History

United States
- Name: USS PC-586
- Builder: Defoe Shipbuilding Company, Bay City, Michigan
- Laid down: 29 May 1942
- Launched: 15 July 1942
- Commissioned: 5 October 1942
- Decommissioned: January 1950
- Renamed: Patchogue (PC-586), 15 February 1956
- Stricken: 1 April 1959
- Honors and awards: 1 battle star (World War II)
- Fate: Sold for scrapping, 1959

General characteristics
- Class & type: PC-461-class submarine chaser
- Displacement: 320 long tons (325 t)
- Length: 173 ft 7 in (52.91 m)
- Beam: 23 ft (7.0 m)
- Draft: 6 ft 6 in (1.98 m)
- Speed: 20 knots (37 km/h; 23 mph)
- Complement: 46
- Armament: 1 × 3 in (76 mm)/50 cal; 1 × 40 mm gun; 2 × 20 mm guns;

= USS PC-586 =

WWII-era American submarine chaser

USS PC-586 was a built for the United States Navy during World War II. She was later renamed Patchogue (PC-586), the second U.S. Navy ship of the name, but never saw active service under that name.

== Career ==
Patchogue was laid down on 29 May 1942 at the Defoe Shipbuilding Company in Bay City, Michigan; launched as USS PC-586 on 15 July 1942; and commissioned on 5 October 1942.

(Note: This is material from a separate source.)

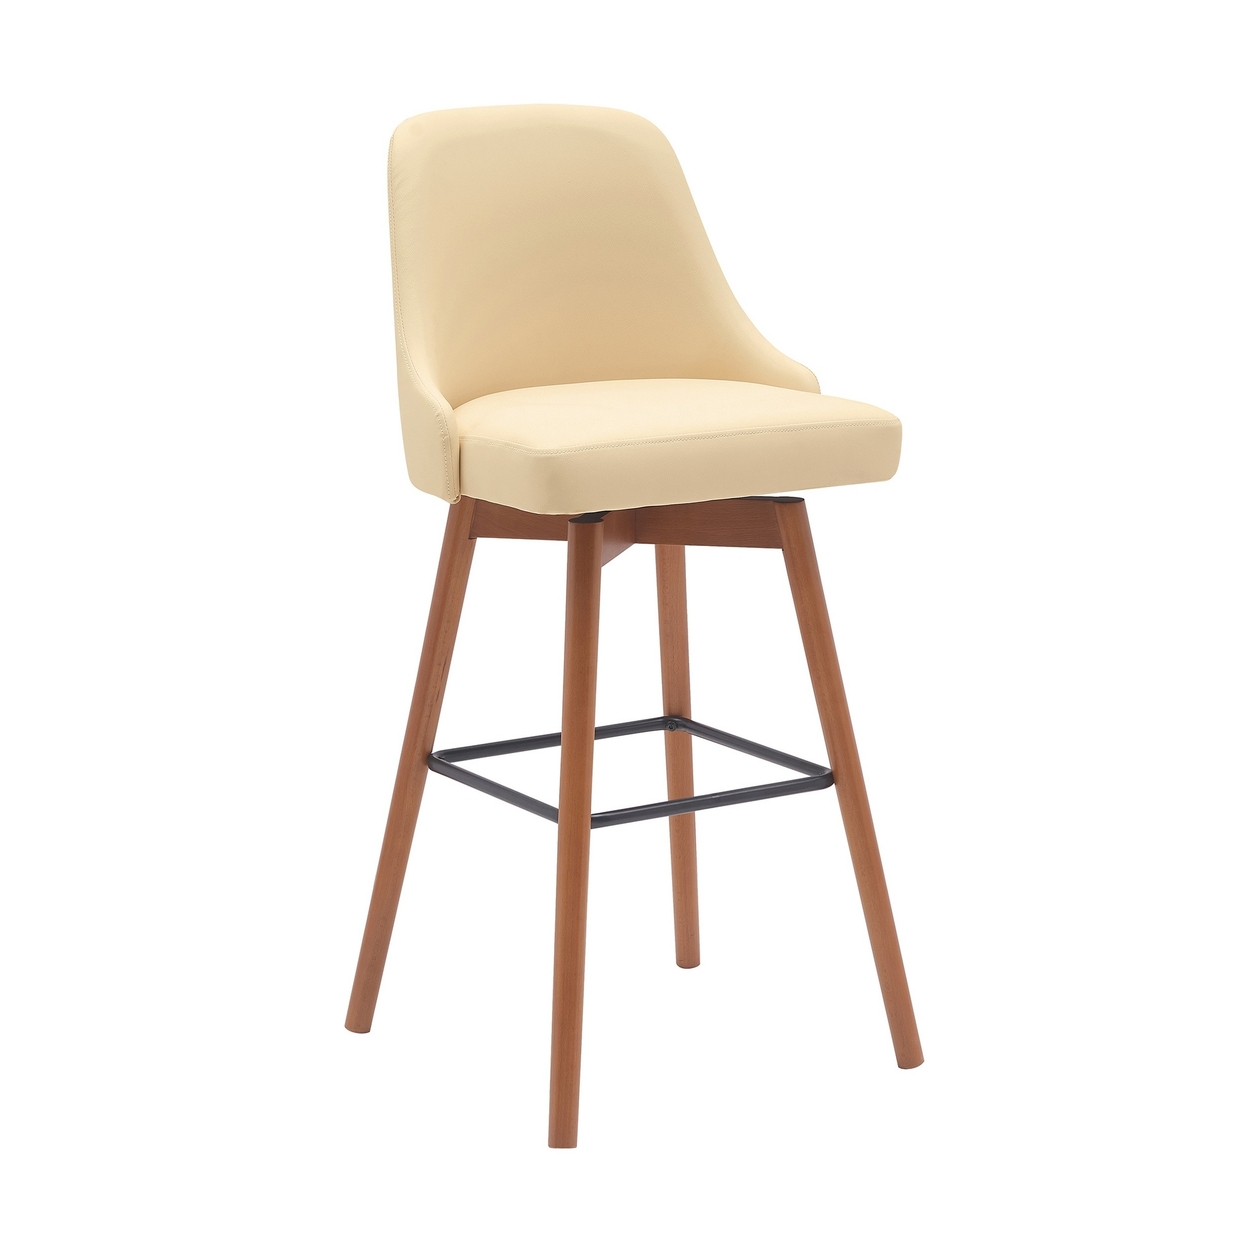 Sean 30 Inch Barstool Chair, Swivel Parson, Cream Faux Leather Walnut Brown - Saltoro Sherpi
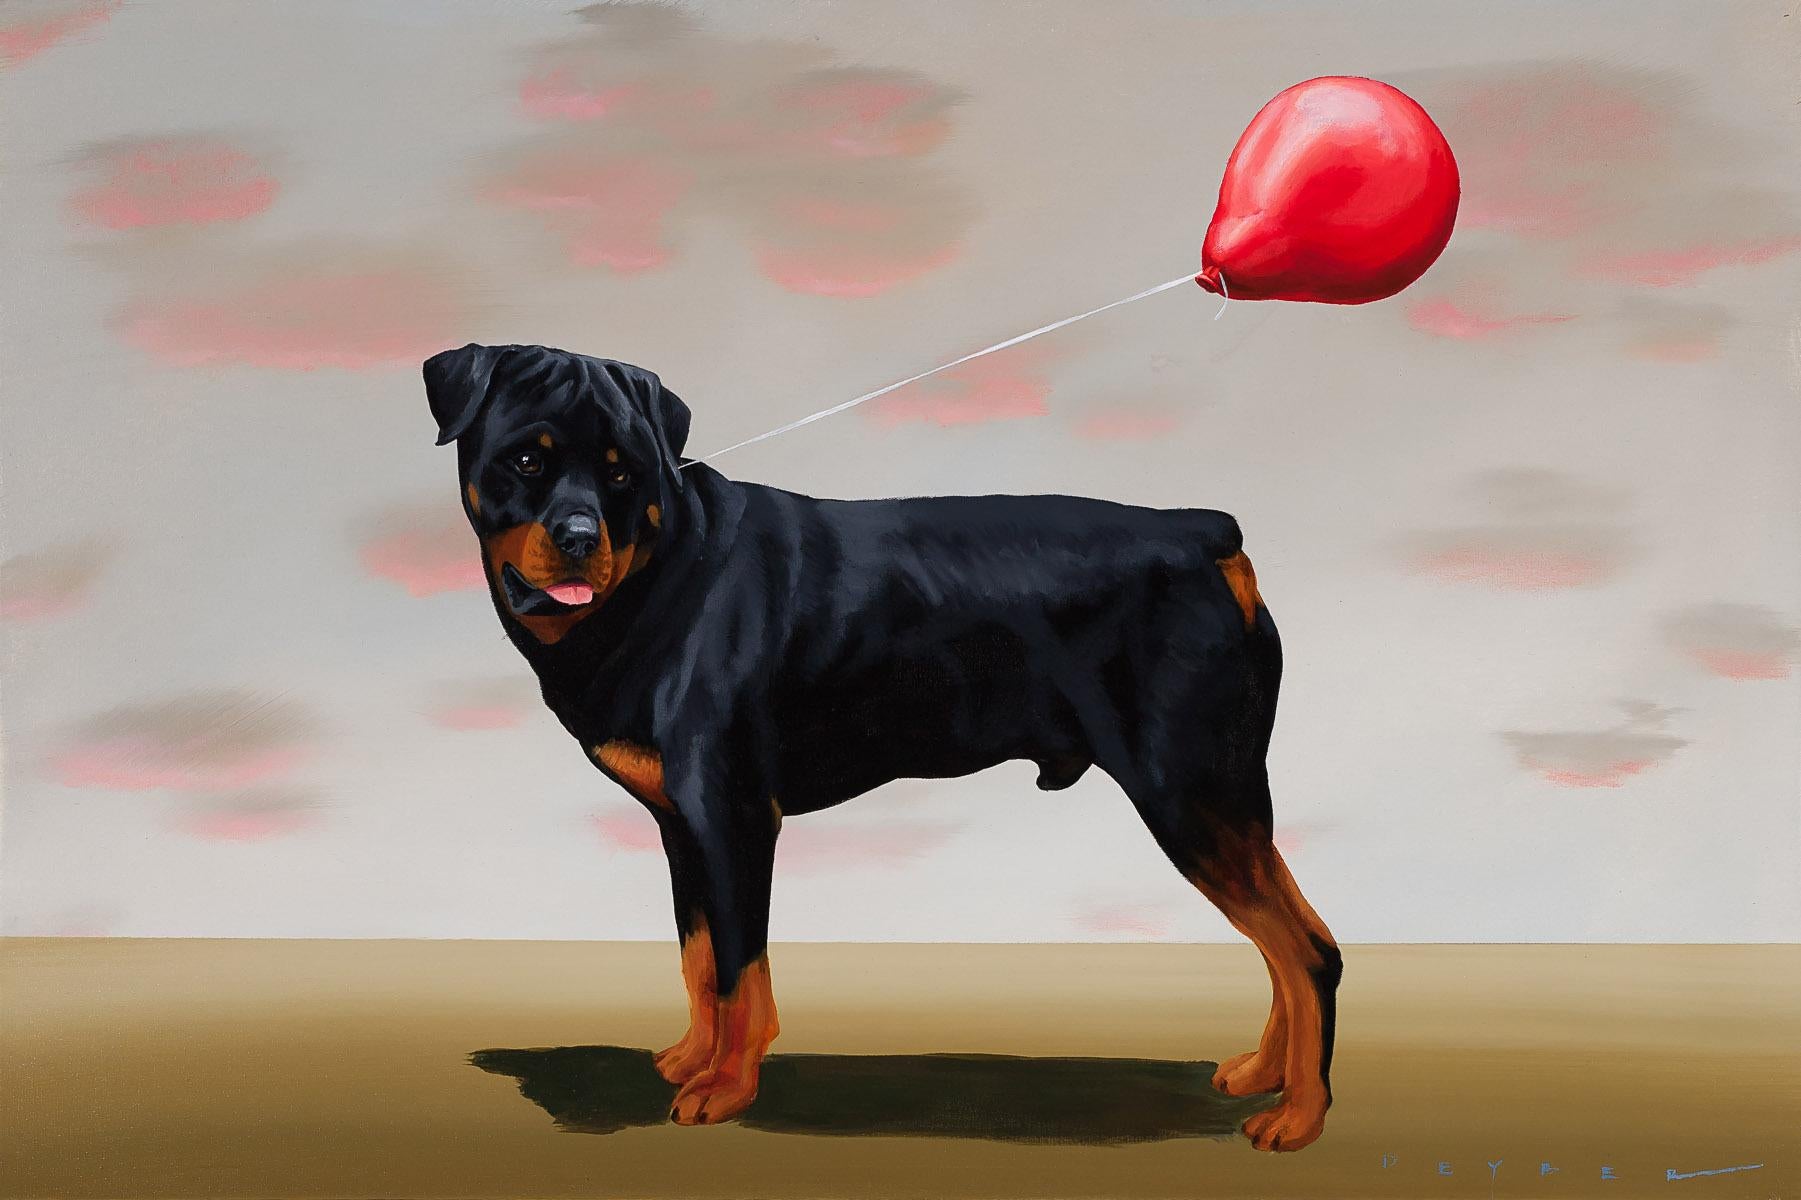 Balloon Dog III (Rottweiler), 2021 - Painting by Robert Deyber

After sea trials in the Gulf of Mexico, PC-586 transited the Panama Canal and served as an escort craft along the west coast of the United States. Her coastal operations were ultimately extended to the Hawaiian Islands, and during the period of 1 August through 31 December 1943, she was assigned to Commander, Hawaiian Sea Frontier, for duty. During this time she rendered valuable service as a training craft in the area of Pearl Harbor. She likewise performed patrol and convoy escort missions in Hawaiian waters. A convoy escort mission took PC-586 to Saipan on 23 July 1944.

With the end of hostilities, the submarine chaser continued to bolster Fleet readiness by briefly serving in a training capacity out of Pearl Harbor, and then along the east coast at both Charleston, South Carolina and Coco Solo, Panama Canal Zone.

PC-586 decommissioned and went into reserve at Norfolk, Virginia in January 1950. She was named Patchogue on 15 February 1956, the second U.S. Navy ship of the name. She was struck from the Navy List on 1 April 1959, and shortly thereafter sold to Potomac Shipwrecking Company for scrapping.

==Awards==
Patchogue received one battle star for World War II service.